Material provided START

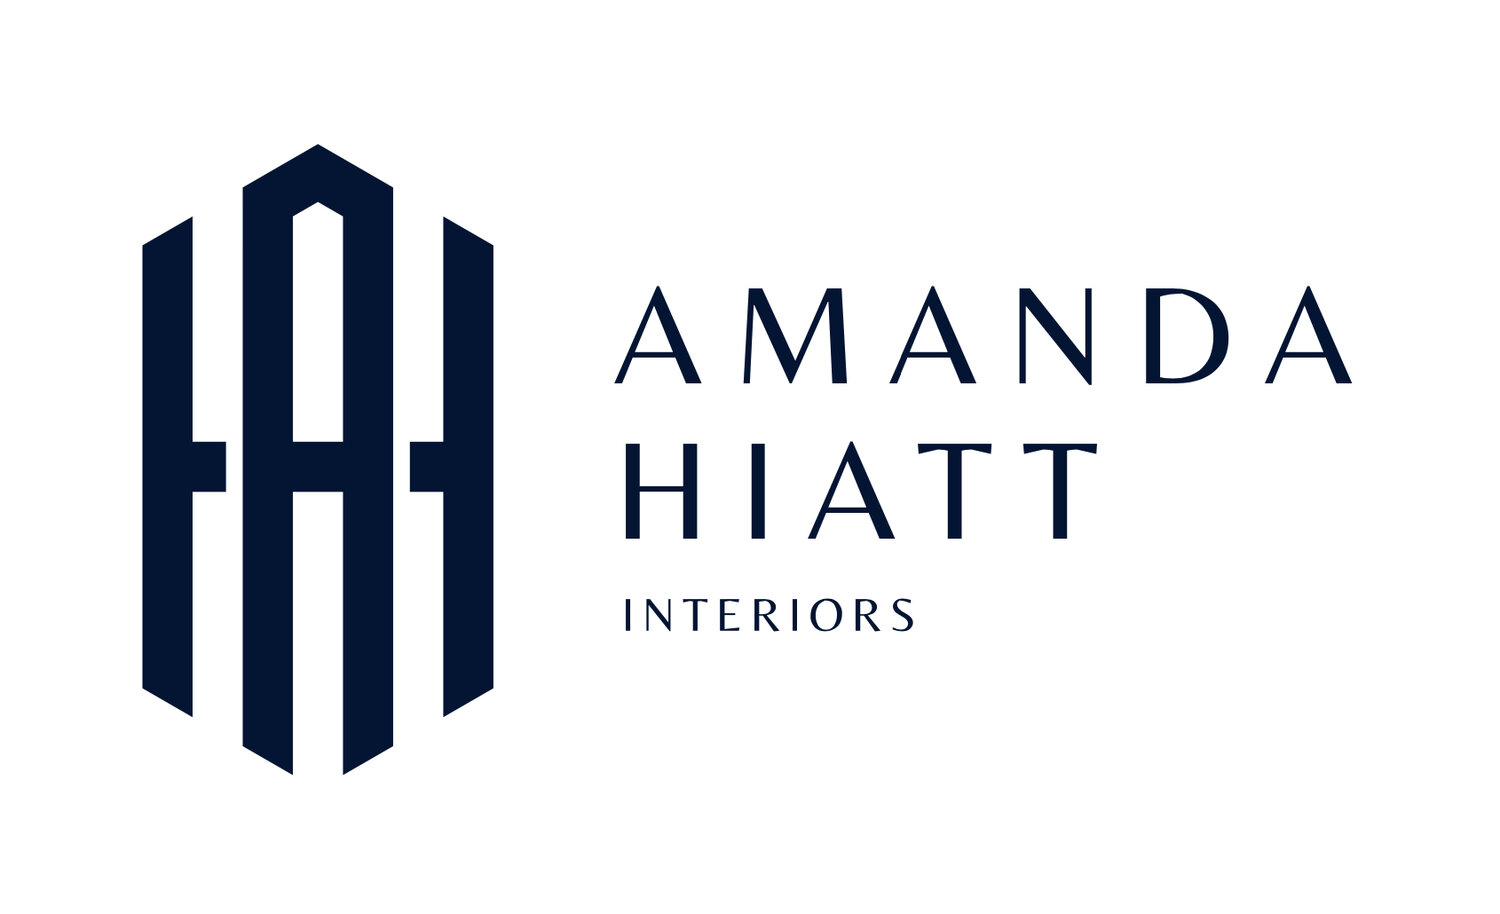 Amanda Hiatt Interiors
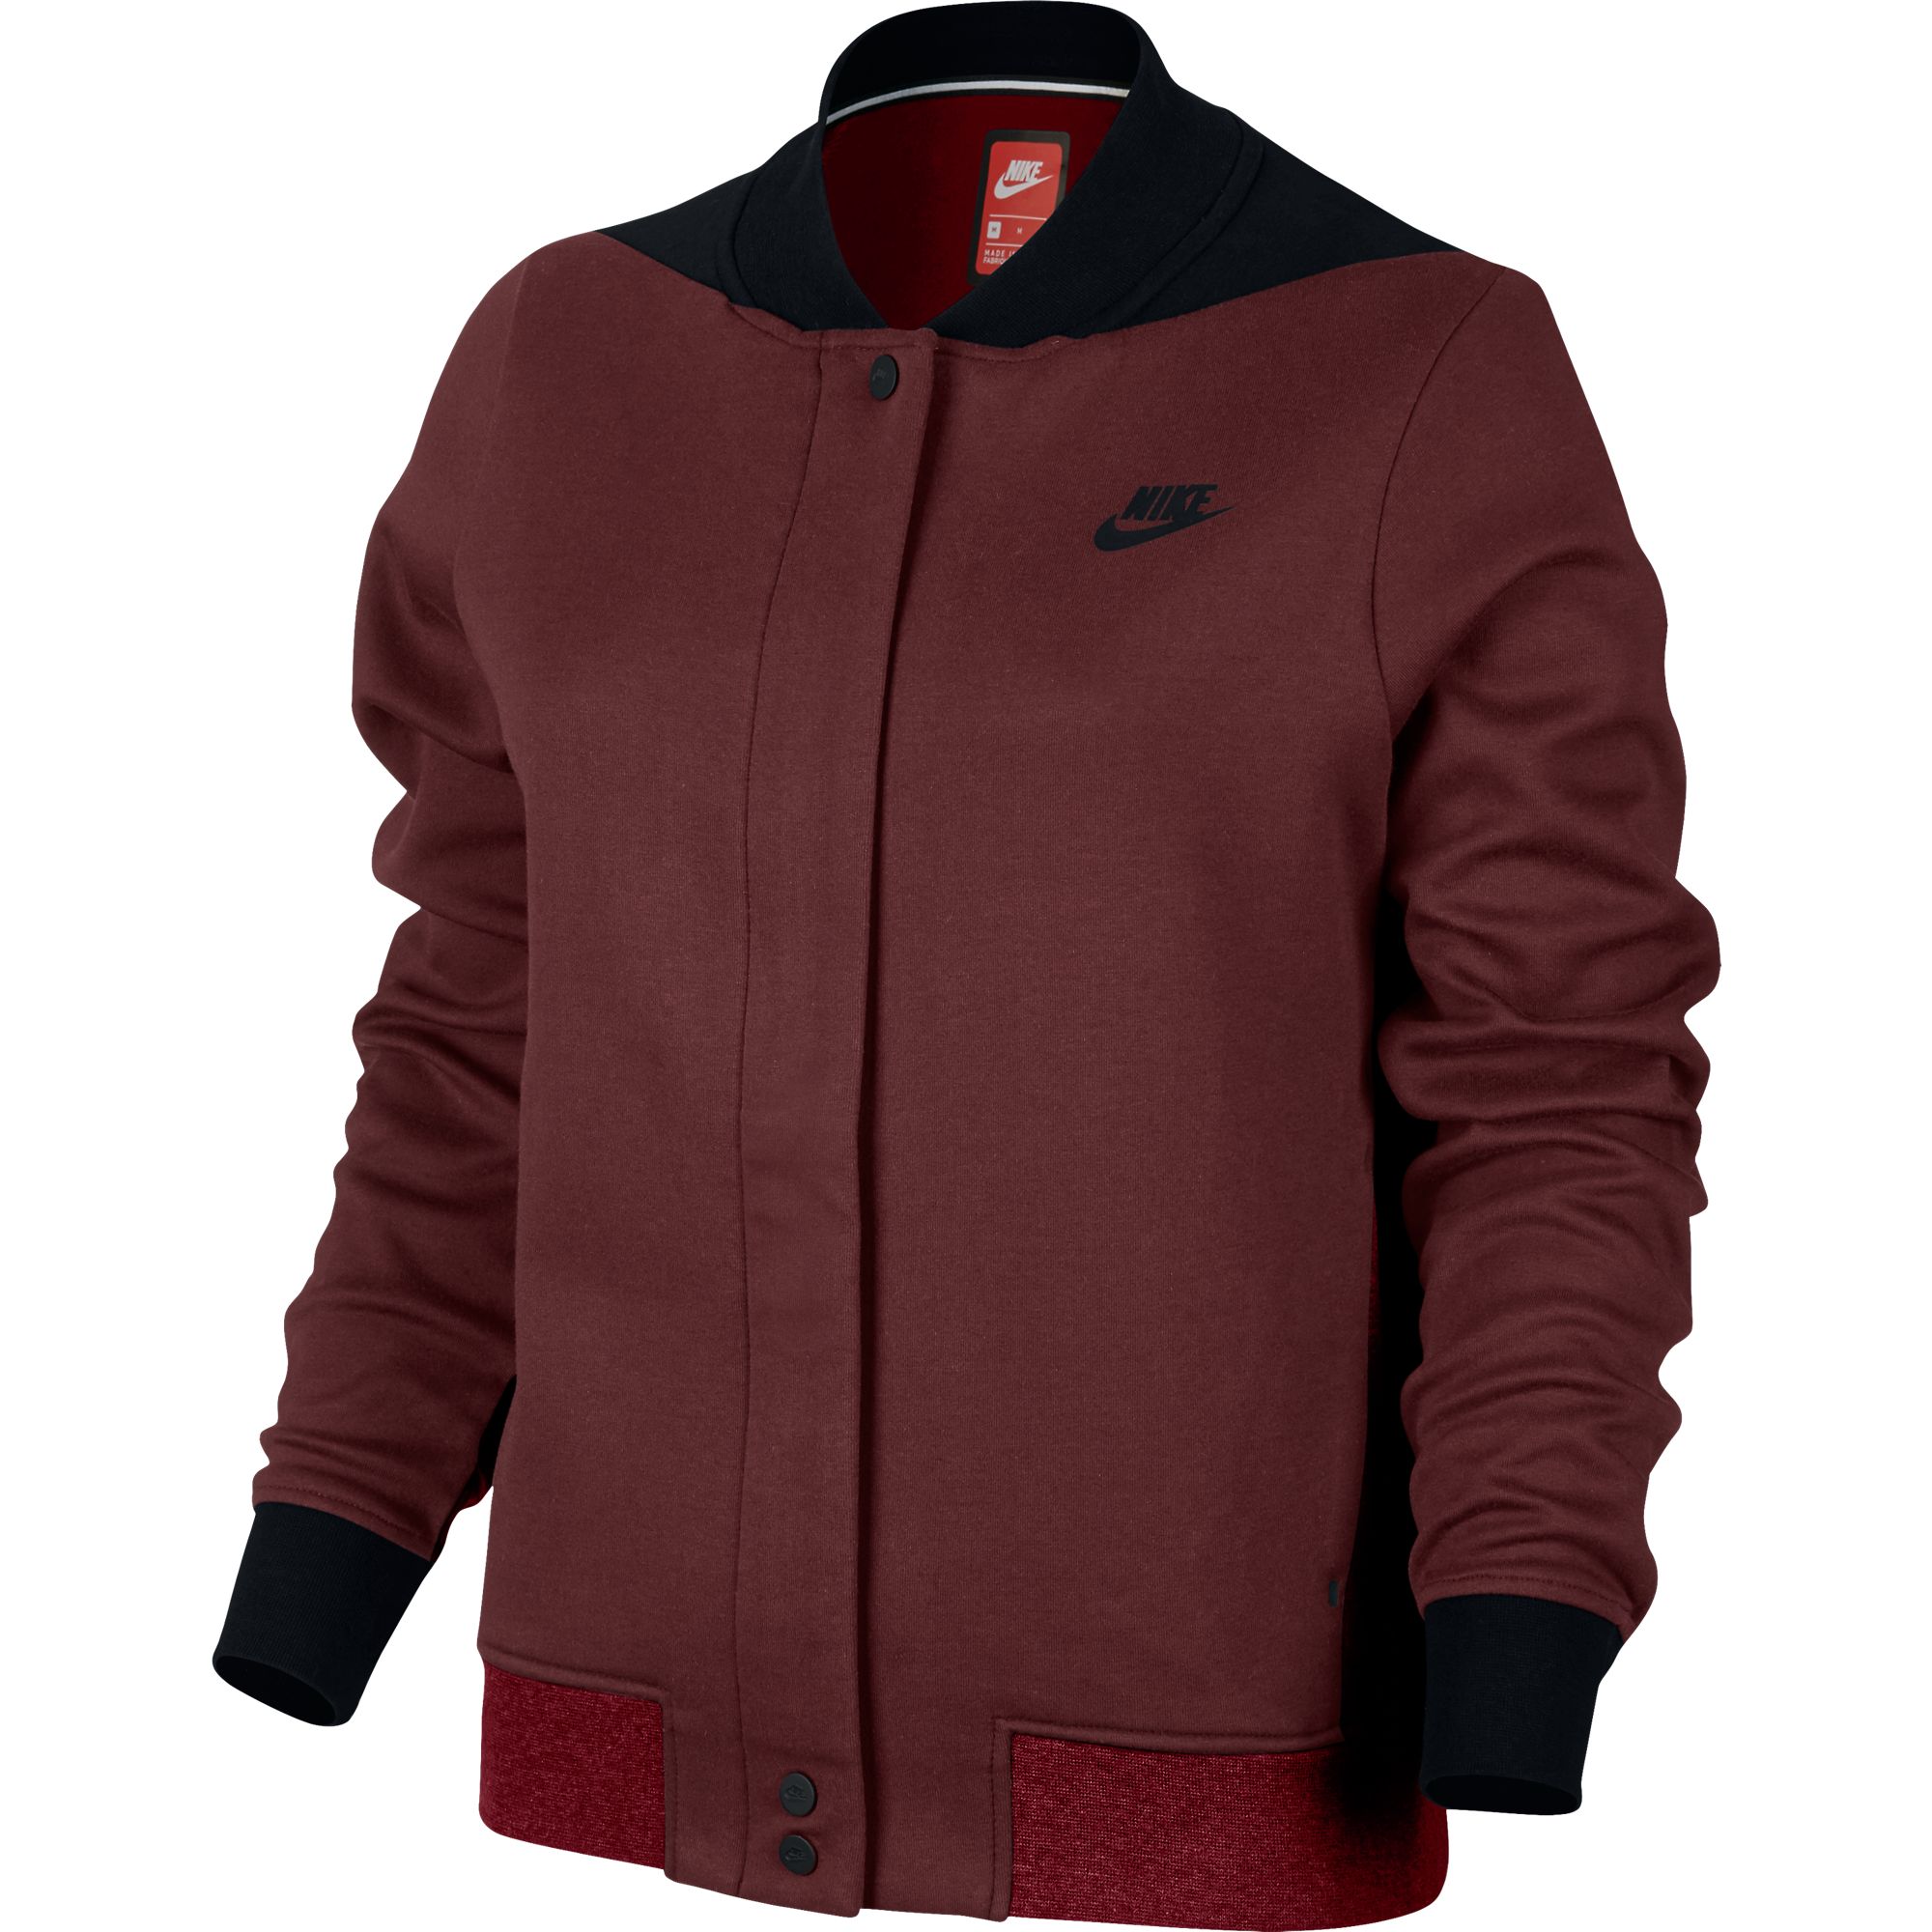 Nike Tech Fleece Destroyer Women's Jacket Burgundy 884427-608 | eBay
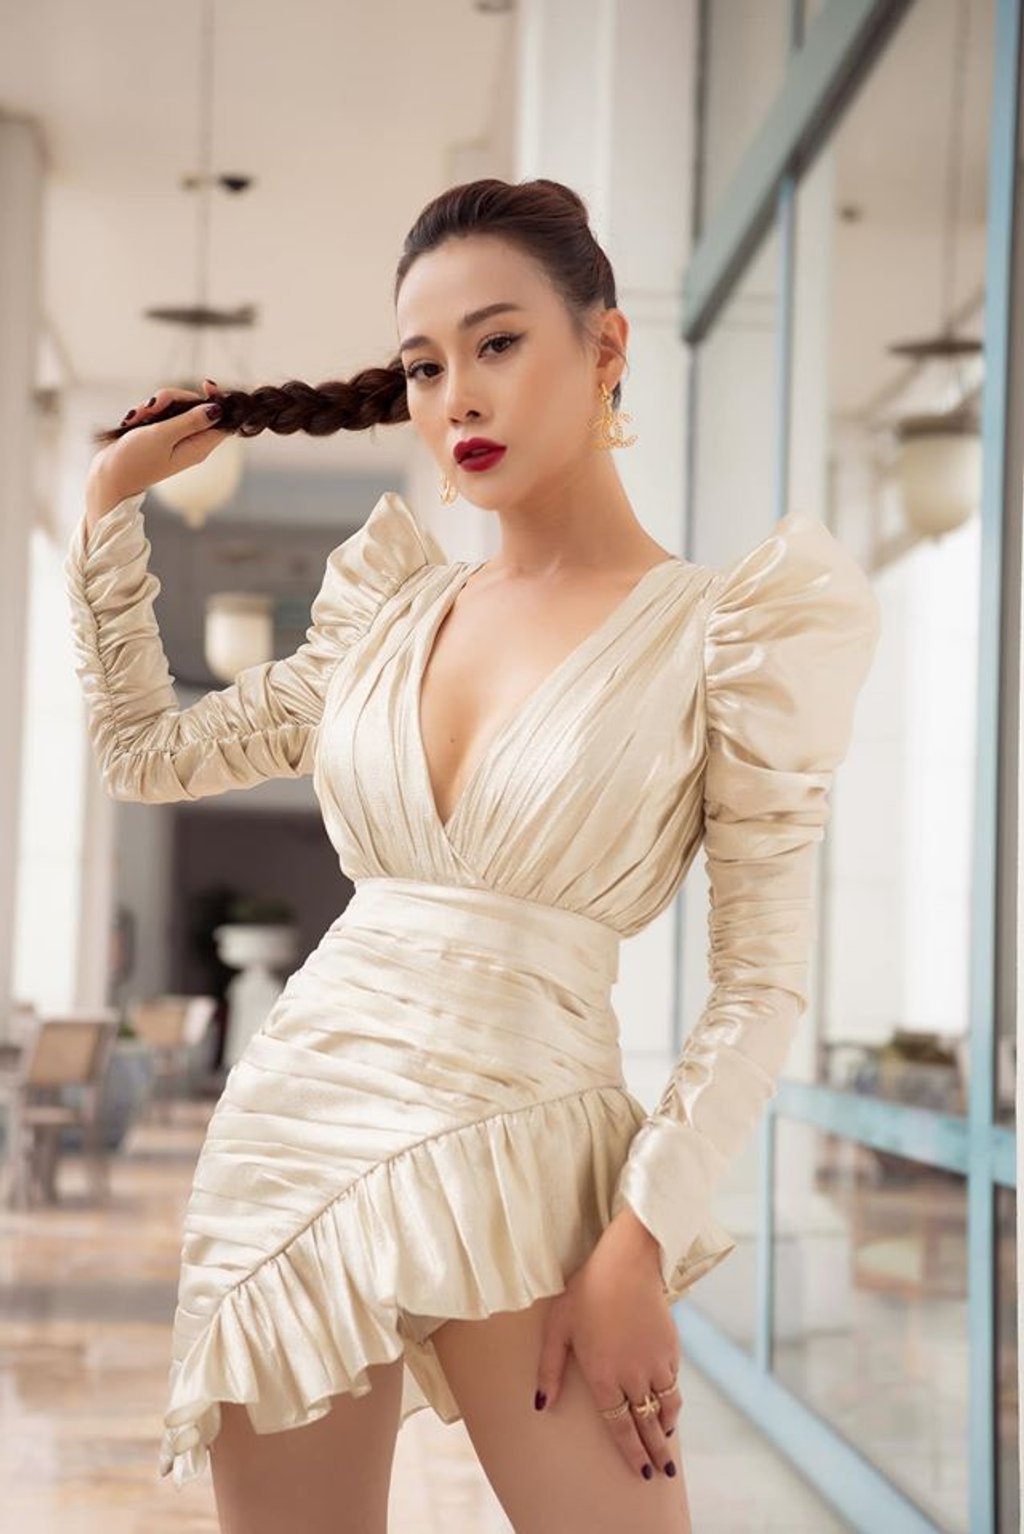 So với ngày mới vào nghề, Phương Oanh ngày càng thăng hạng nhan sắc và phong cách. Cô là một trong những nữ diễn viên hiếm hoi của VTV tài sắc vẹn toàn đến gu thời trang cũng vô cùng hút mắt.
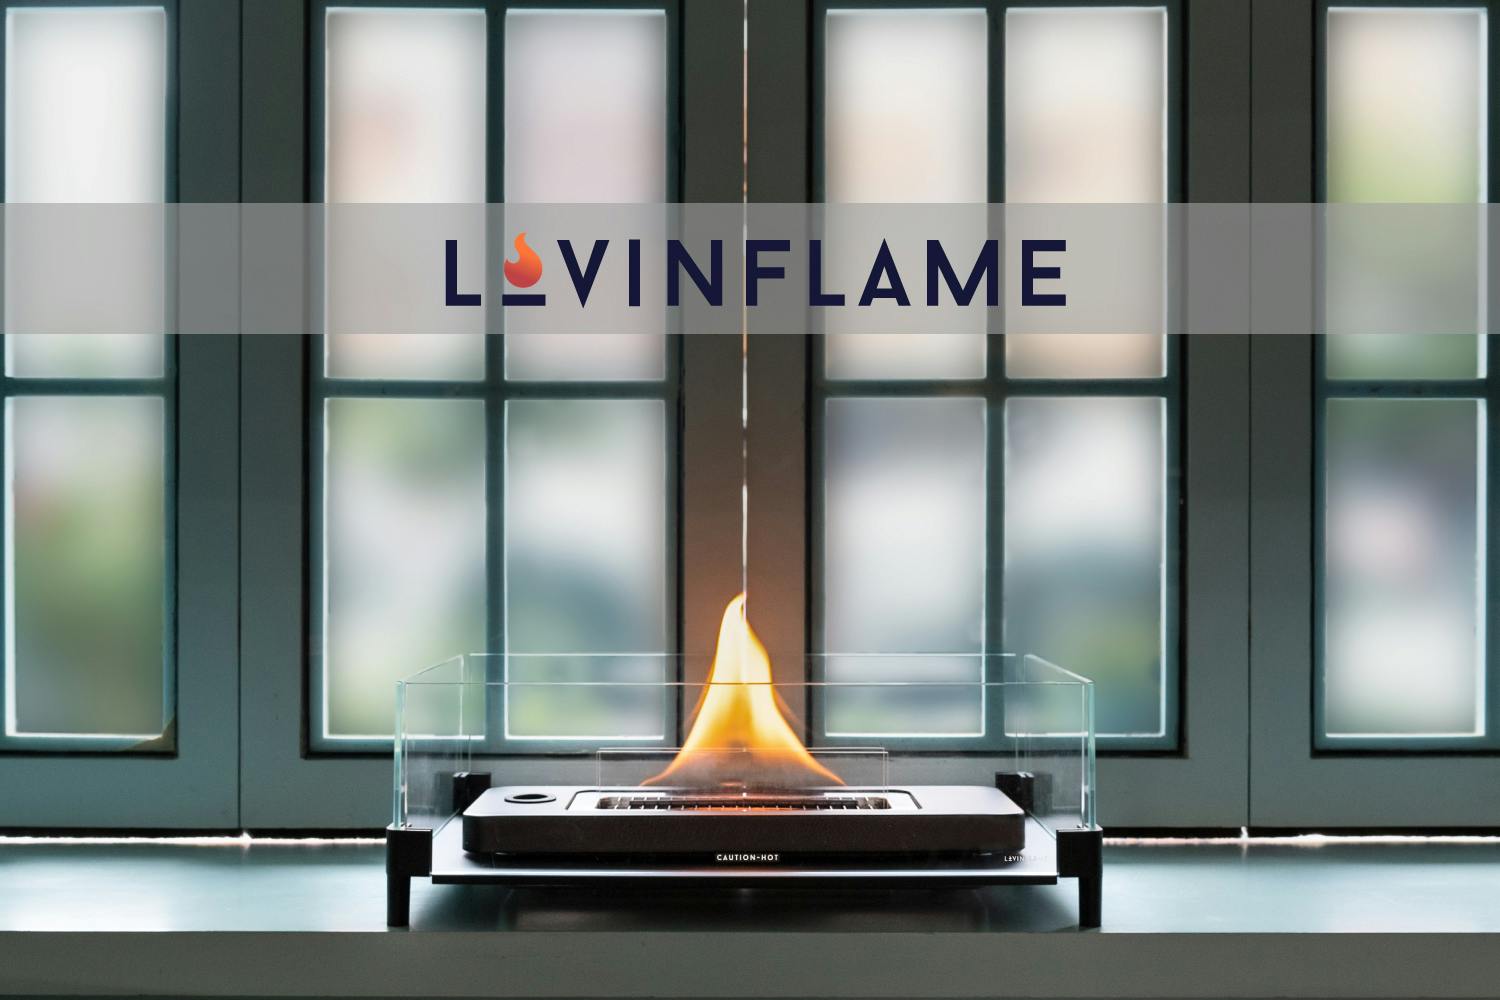 もえない燃料で炎を楽しむ?! お家で楽しめるポータブル暖炉：Lovinflame - CAMPFIRE (キャンプファイヤー)

Material provided END

◆ Required action: Only the lines from the one with "Nike Tech Fleece" to the last line of the listing, inclusive, are to be set down, exactly as they stand and without pictures.

◆ Result:
 Nike Tech Fleece Destroyer Women's Jacket Burgundy 884427-608 | eBay
 So với ngày mới vào nghề, Phương Oanh ngày càng thăng hạng nhan sắc và phong cách. Cô là một trong những nữ diễn viên hiếm hoi của VTV tài sắc vẹn toàn đến gu thời trang cũng vô cùng hút mắt.
 もえない燃料で炎を楽しむ?! お家で楽しめるポータブル暖炉：Lovinflame - CAMPFIRE (キャンプファイヤー)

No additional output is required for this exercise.